## EXERCISE
Look below for the line containing "Map of U.S. with blue dots.". Write out that line and the rest through the last one, exactly as they appear, but without pictures.

## MATERIAL PROVIDED
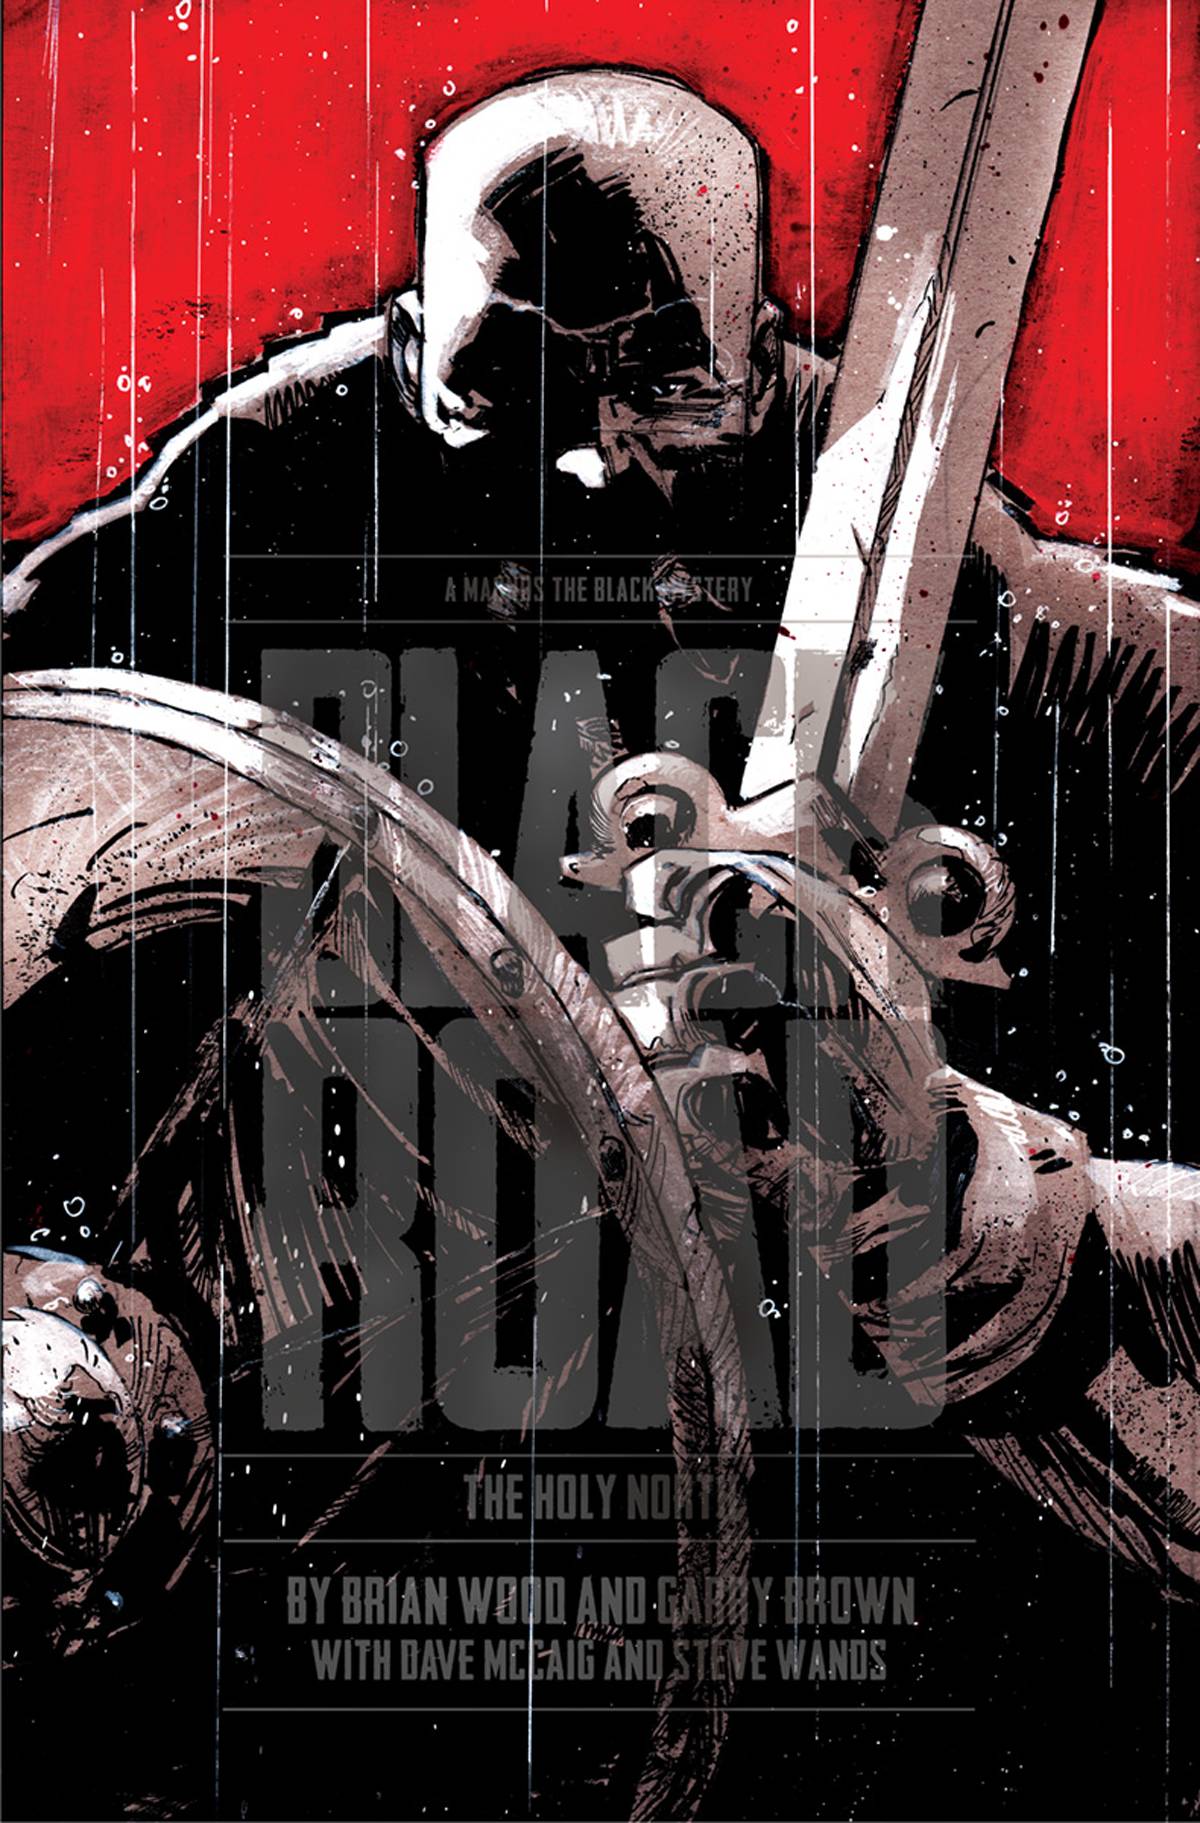 Black Road Holy North Hardcover (Mature)
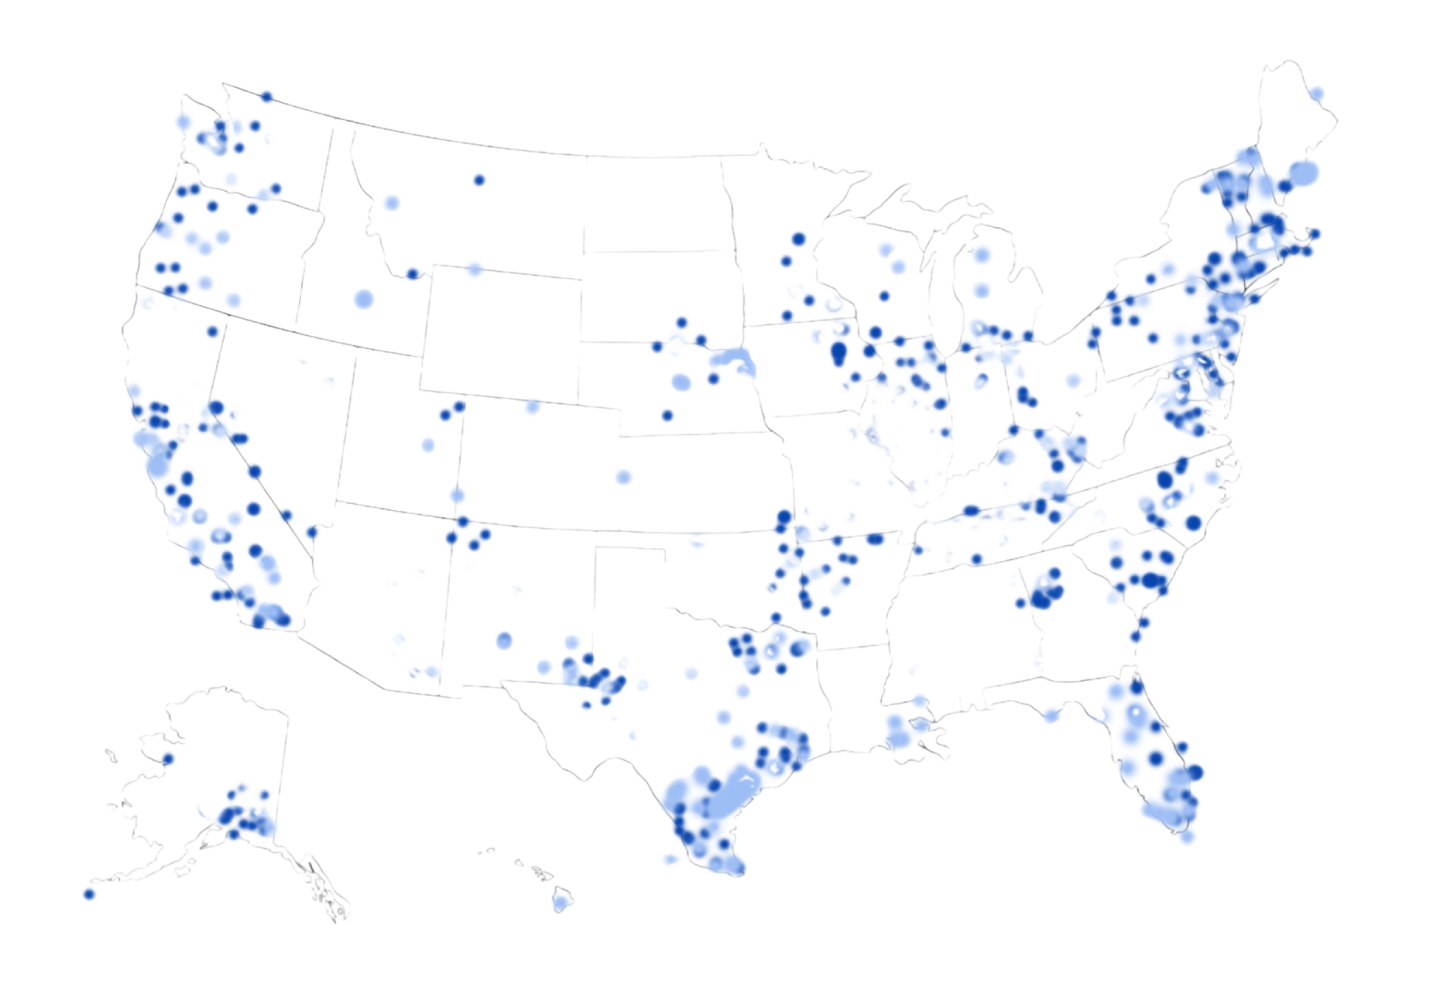 Map of U.S. with blue dots.
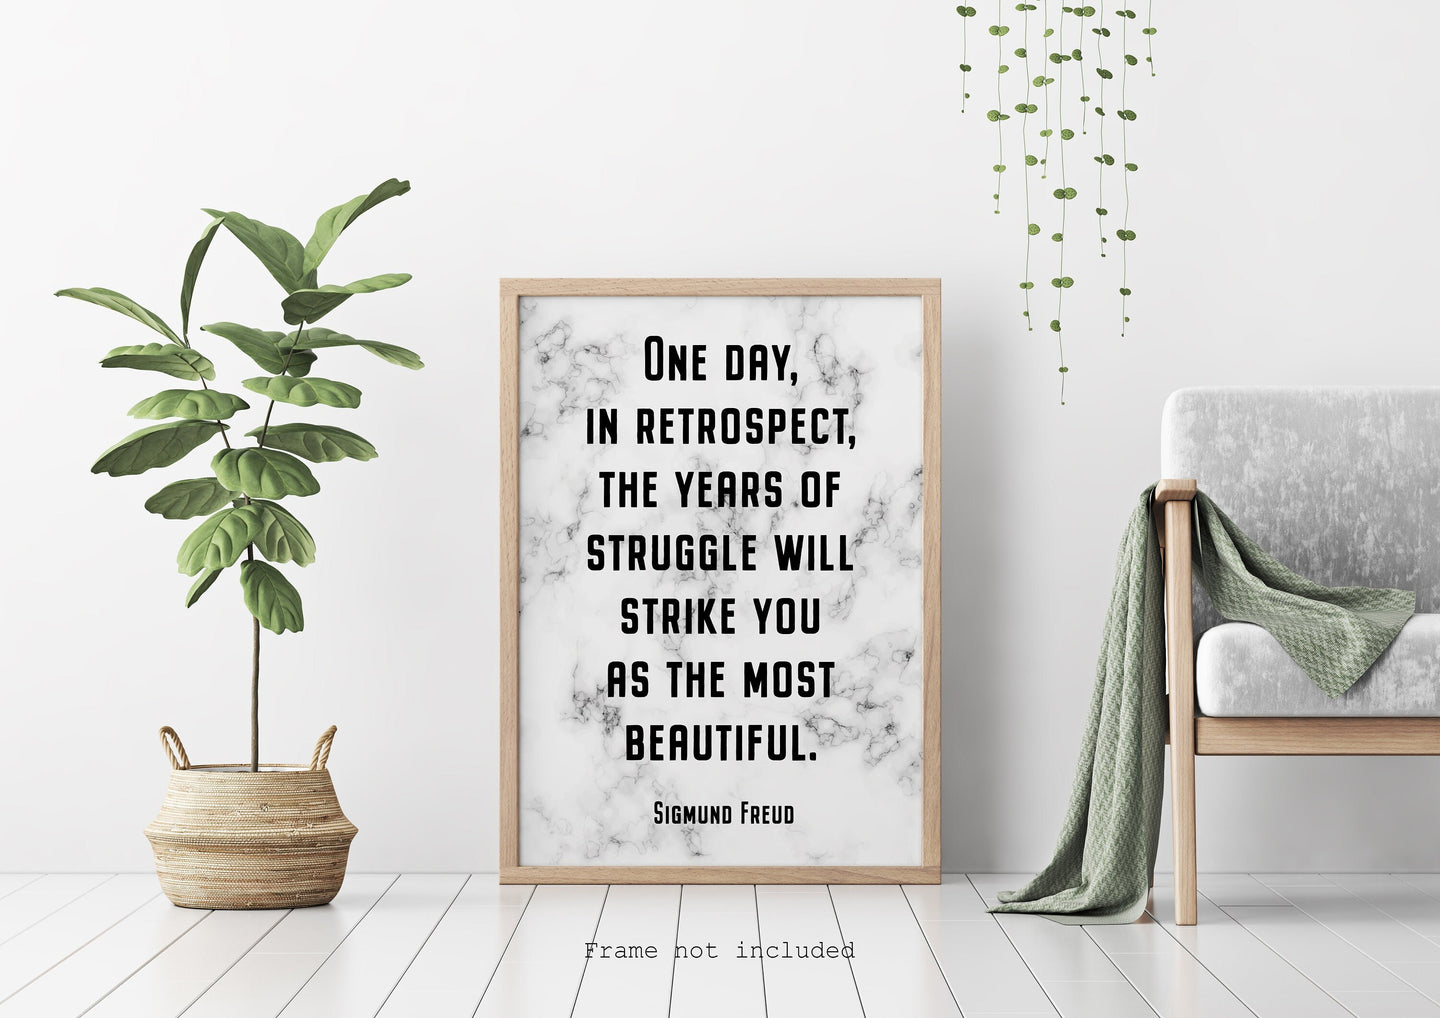 Sigmund Freud quote - One day, in retrospect, the years of struggle - psychology wall art - office decor - marble poster - unframed print

## RESULT OF THE TASK
 Map of U.S. with blue dots.
 Sigmund Freud quote - One day, in retrospect, the years of struggle - psychology wall art - office decor - marble poster - unframed print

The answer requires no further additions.